Here is the logic gate level implementation (5 gates) of a latch. Note that a logic gate is built using transistors.

The chip is actually RAM. Of course, you could string together several RAM chips on a circuit board and create even more RAM (or you could just buy bigger RAM chips).

Answer 5

In DRAM, memory is a capacitor. Each bit, each cell, is a capacitor. The presence of many electrons in a cell defines the 1/0 value. These capacitors are built on the silicon in rectangular grids. Thus a memory chip is covered with rectangular patterns.

To read out, or to write to, just one bit at a time, requires too much circuitry.

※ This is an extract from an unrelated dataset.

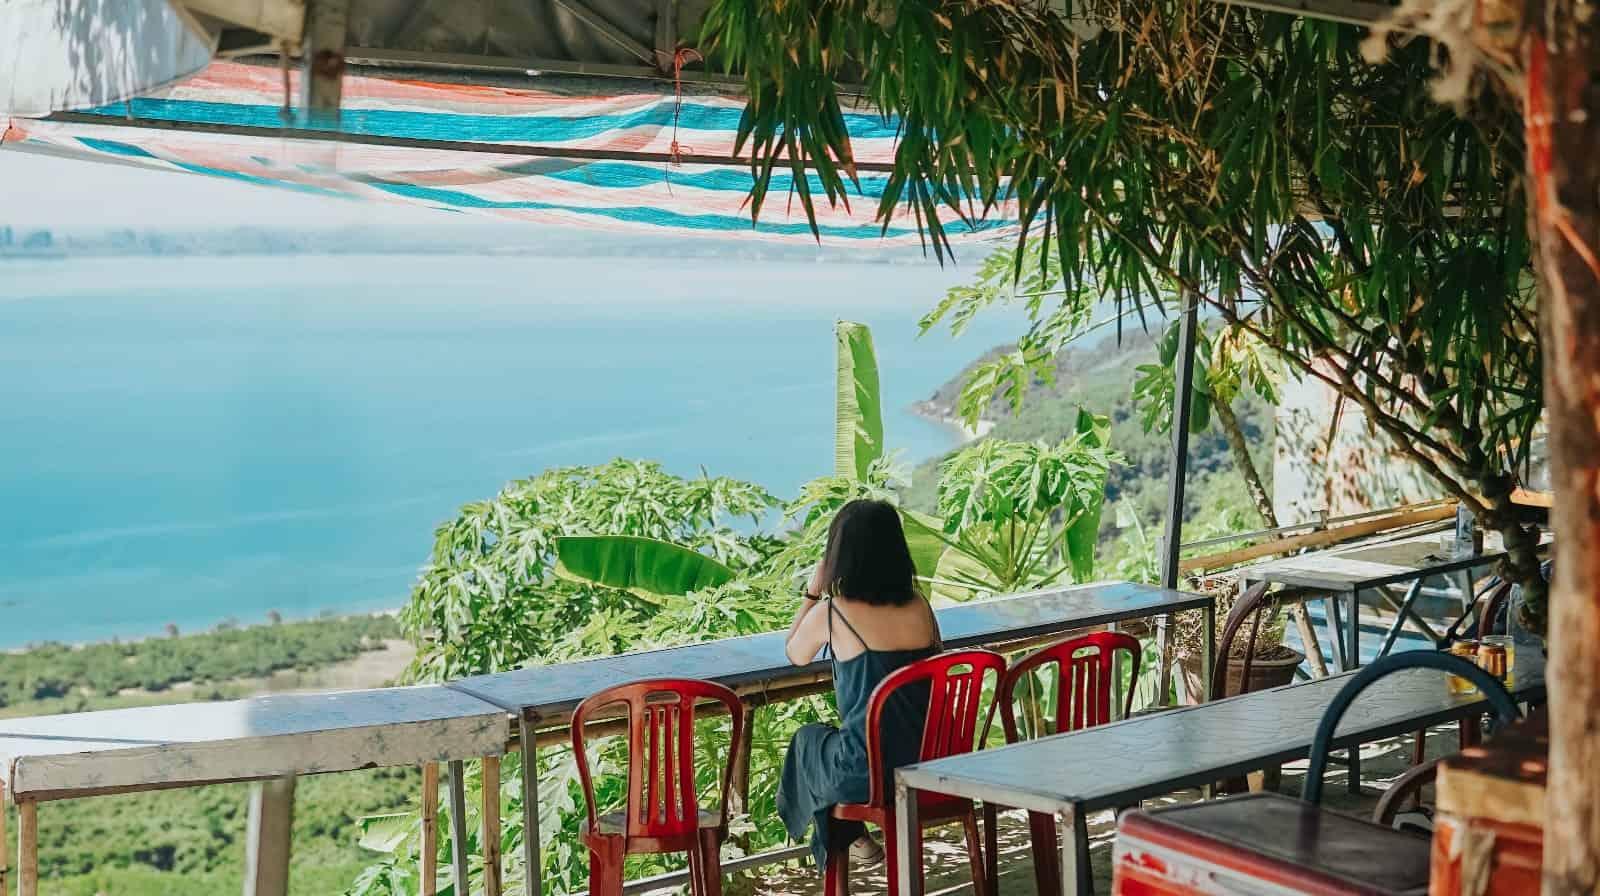 Quán cafe nhỏ ở Hòn đá Cụ Rùa. Hình: Hoàng Linh Hà

Thus entire rows of capacitors are read out at a time, the value 1/0 of electron charge in each capacitor is stored in a group of FlopFlops/latches, and a multiplexor selects just the ONE BIT you wished. A portion of the address is used to specify the row, and rest of address tells the multiplexor exactly which BIT you wish.

To write, part of the address is used to select the Row, that entire Row is read into the FF/latches, and a multiplexor changes JUST THE ONE BIT you planned to write. Then, that entire Row of data is copied from the (many) latches into the Row of capacitors. This dual-task ---- read, then write ---- makes writing the slower of the 2 memory activities.